For my part, I can name 2 reasons. 1)The docket at PACER was not properly reporting the filings and 2)RECAP was not properly updating the Internet Archive when the docket did show movement. Hopefully, that has all been resolved, as not only PACER but RECAP are now working (for this case - there remain problems with RECAP on a few other cases).

I'm extremely thankful to Sean Brady (of Michel & Associates, P.C.) in starting this thread.

The City and County of San Francisco have a Safe Storage law, that while somewhat dissimilar to that of D.C. It is the practical effect that this case hinges on.

In the D.C. case, you may recall, handguns were required to be unloaded and locked (with trigger locks or in a safe) or disassembled. The result of that ordinance was that you could not have immediate access to your defensive firearm, should the it arise that you needed it for self defense.

The Supreme Court in Heller reasoned that part of the 2A rights was to have a ready and operable firearm in case of confrontation where one arguably needs it most, at home. This made that particular ordinance unconstitutional on its face under any level of scrutiny used to define enumerated rights.

The difference in the San Francisco laws are that you can have a ready and operable firearm in your home, but only as long as the firearm was in your immediate possession and control. Otherwise, the firearm must be disabled or locked away.

The practical effect is that unless your firearm is strapped to your side, it must be stored in an approved safe manner. It does not matter if there are children, felons, mentally unstable persons, etc. at home or not. How many of you sleep with a gun strapped on? That is the only manner you can keep the firearm wholly operable, at those times.
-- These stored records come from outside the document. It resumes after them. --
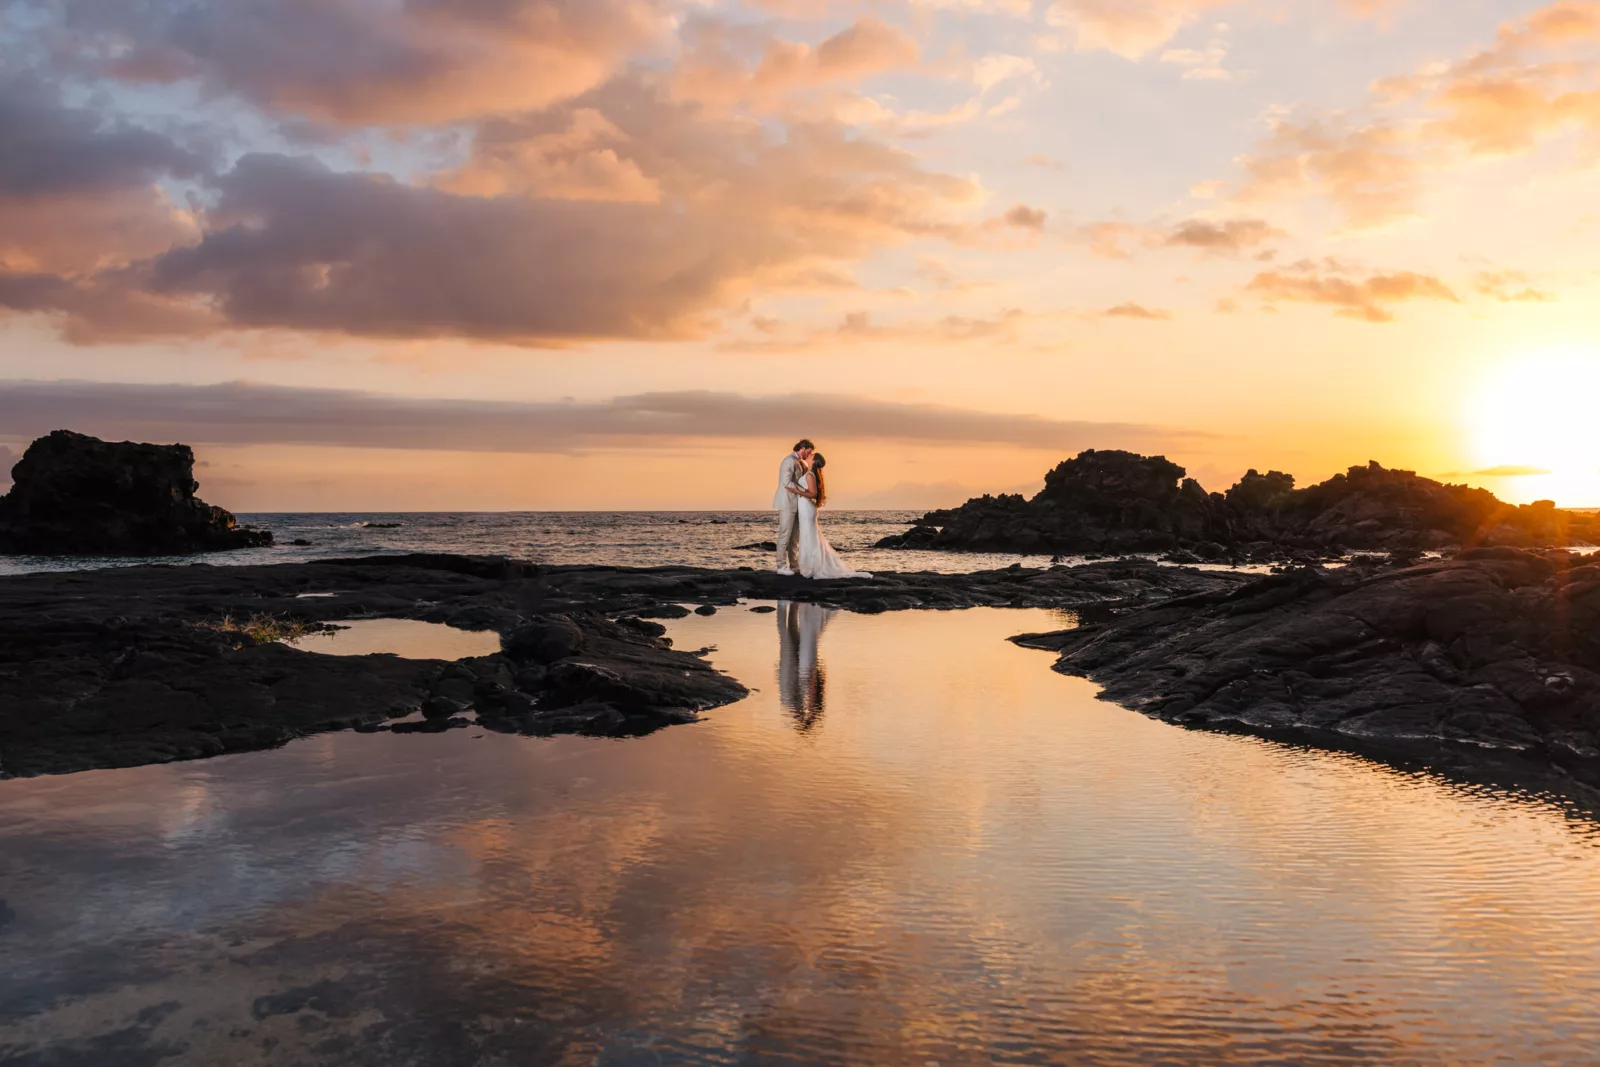 Epic sunset skies and beautiful water after a Big Island elopement
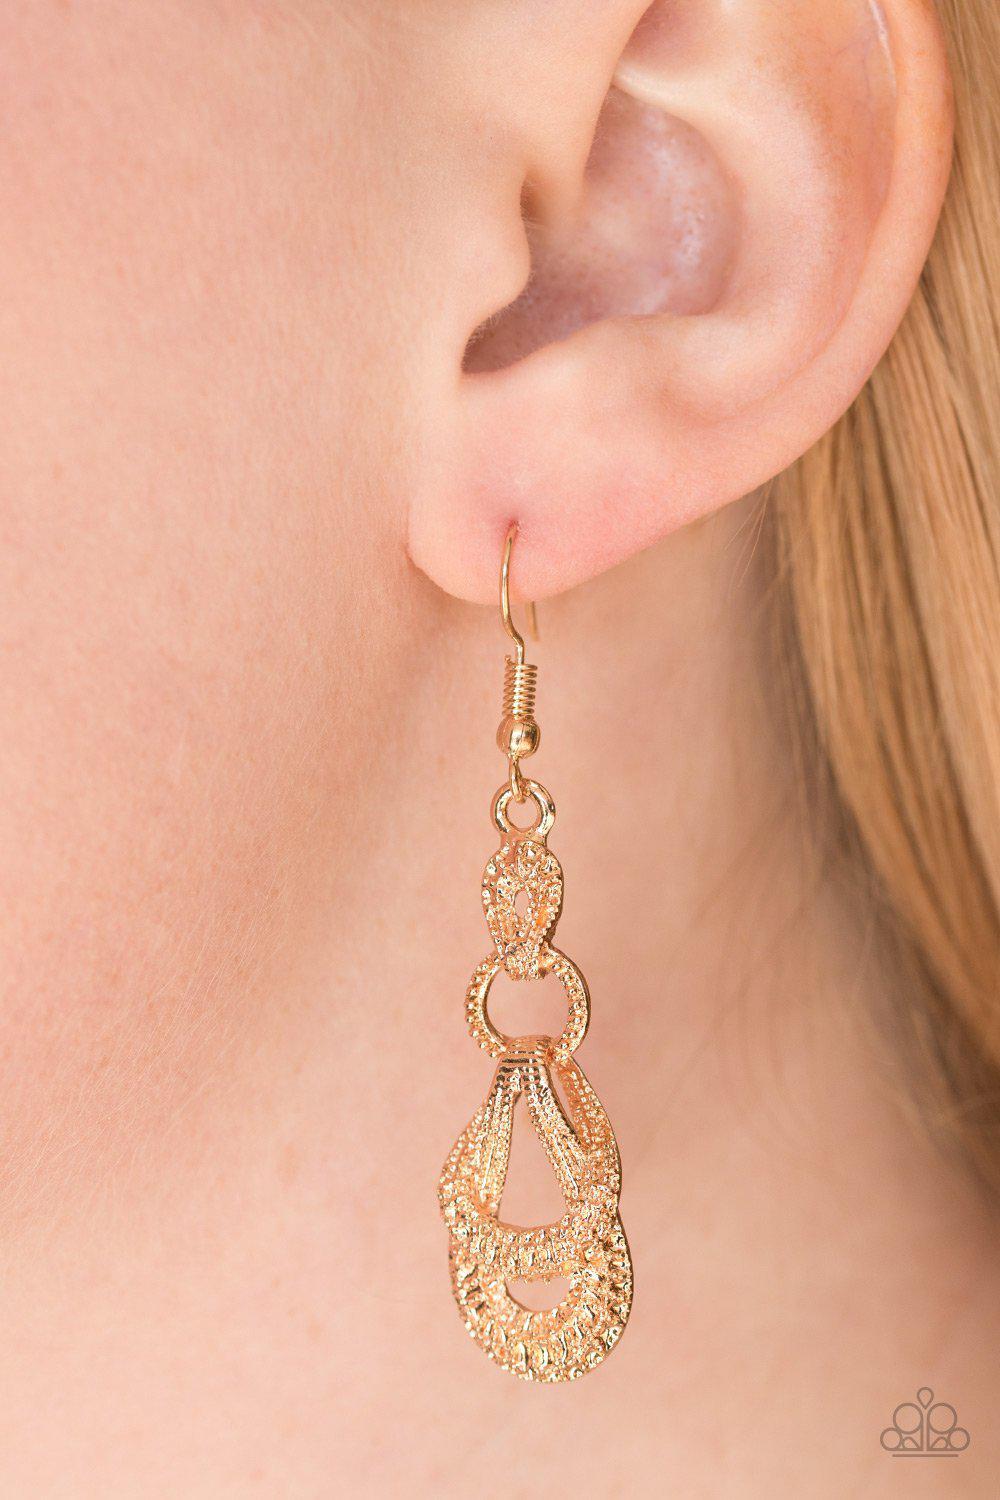 Romantic Radiance Gold Earrings - Paparazzi Accessories-CarasShop.com - $5 Jewelry by Cara Jewels
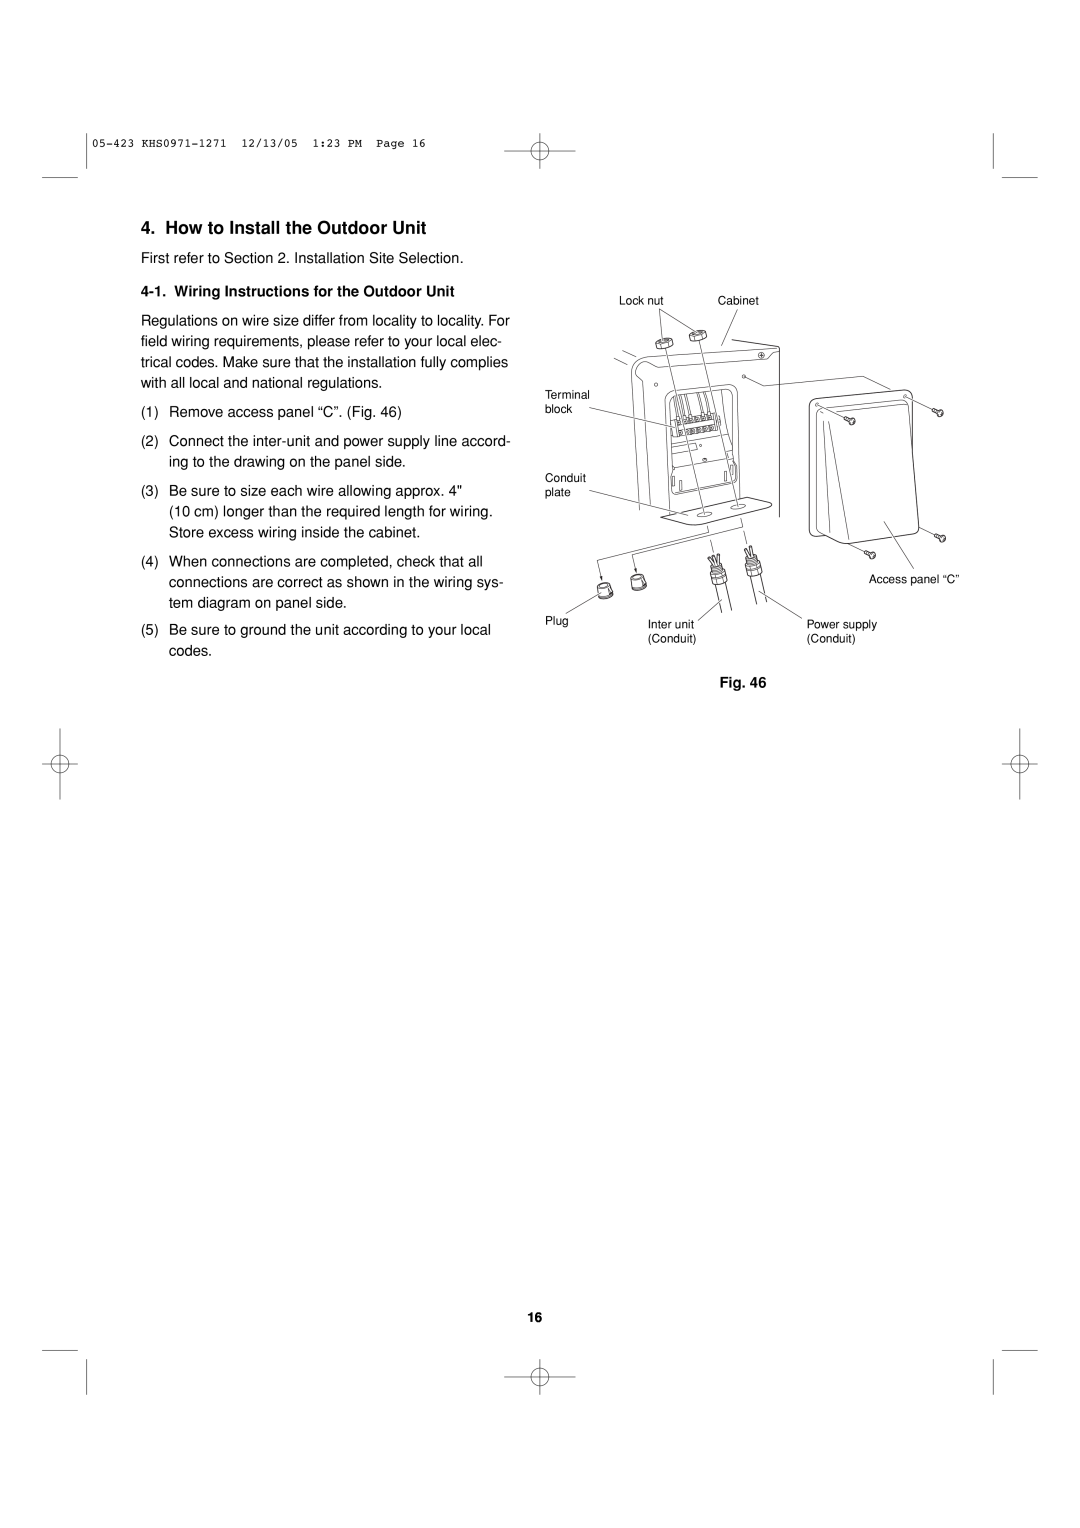 Sanyo 8.53E+13 installation instructions How to Install the Outdoor Unit, Wiring Instructions for the Outdoor Unit 
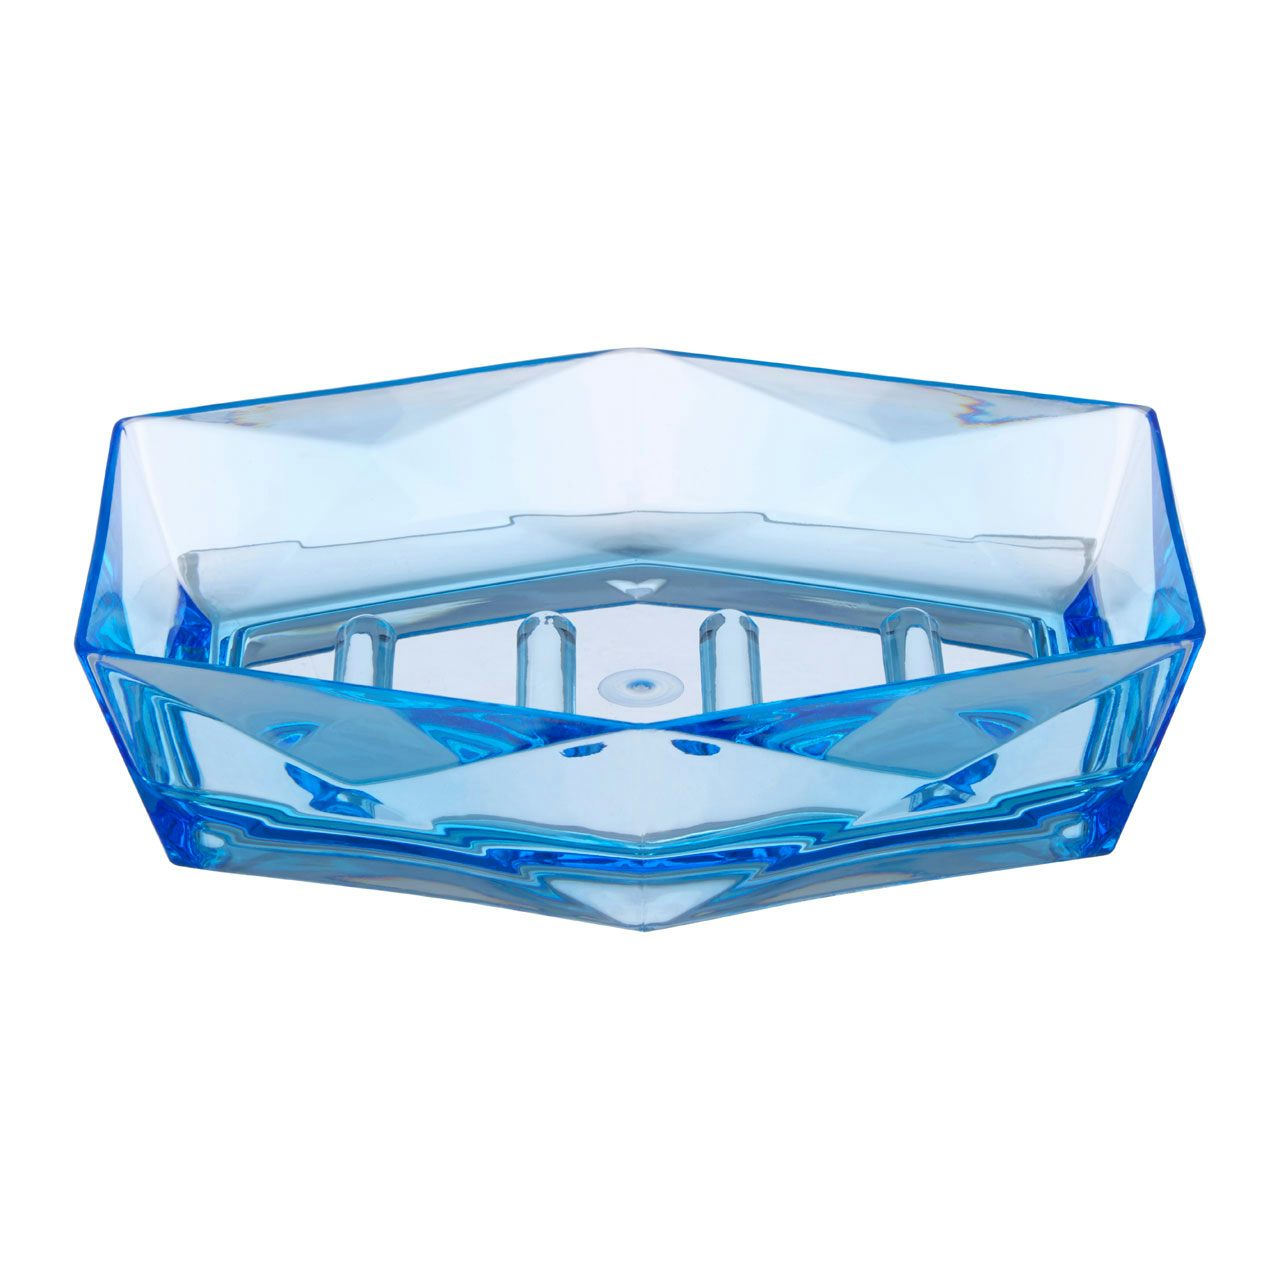 Accents Dow blue acrylic soap dish

Even with the above exception (which is only a very minor step away from Heller), the law in San Francisco City and County have the same practical effect as the law in D.C. that was struck down.

In the MJP, the plaintiffs hammer the defendants with the Heller case, time and time again.

Here, because this is a slight step away, the plaintiffs argue that if any scrutiny is needed to resolve the constitutionality of the ordinance, then strict scrutiny applies.


In part IV of the pleading, the plaintiffs advance the corollary theories that the individual not only has the right to purchase a firearm, but the right to purchase effective self defense ammunition. These corollary rights are assumed to exist for the simple reason that without them, the right to self defense with an operable firearm is meaningless.

San Francisco ordinance Section 613.10(g) bans the sell of any ammunition that does not have a sporting purpose.

Again, the plaintiffs go back to Heller and pound the defendants with the clauses pertaining to "common use." As we all know, modern self defense ammo (hollow points, of one form or another) is much more effective at stopping an aggressor than are FMJ. Less chance of completely penetrating to injure what lies beyond the target and less chance of ricochet.

The plaintiffs make the case that the police themselves use this form of ammunition for the very same reasons it is commonly used and preferred by citizens for their own self defense. It can be no defense to say that residents of SF can go elsewhere to buy their ammo (see Ezell).

Nor can it be a defense to state that public safety requires the use of a more dangerous form of ammo, because the city doesn't want injuries to the victims be greater (does beg the question of just who the City considers the victim to be - the aggressor or the one who must defend themselves from the aggressor).

It is not even a defense to claim sporting purposes (even when left undefined, as the City does here), when self defense and militia duty can not be a "sporting purpose" in any sense of the term.

The plaintiffs again argue that the ordinance fails any form or scrutiny, but if one must be used, then strict scrutiny applies as the ordinance reaches to the core of the right.

Of course, if you have bothered to read the response, the City and County deny everything.

The plaintiffs reply is due on June 21st, if I have my dates correct.

Should the district court deny the MJP, it still serves the purpose of paving the way towards a MSJ, in which the facts (as laid out in the MJP) can be expanded upon and more fully briefed.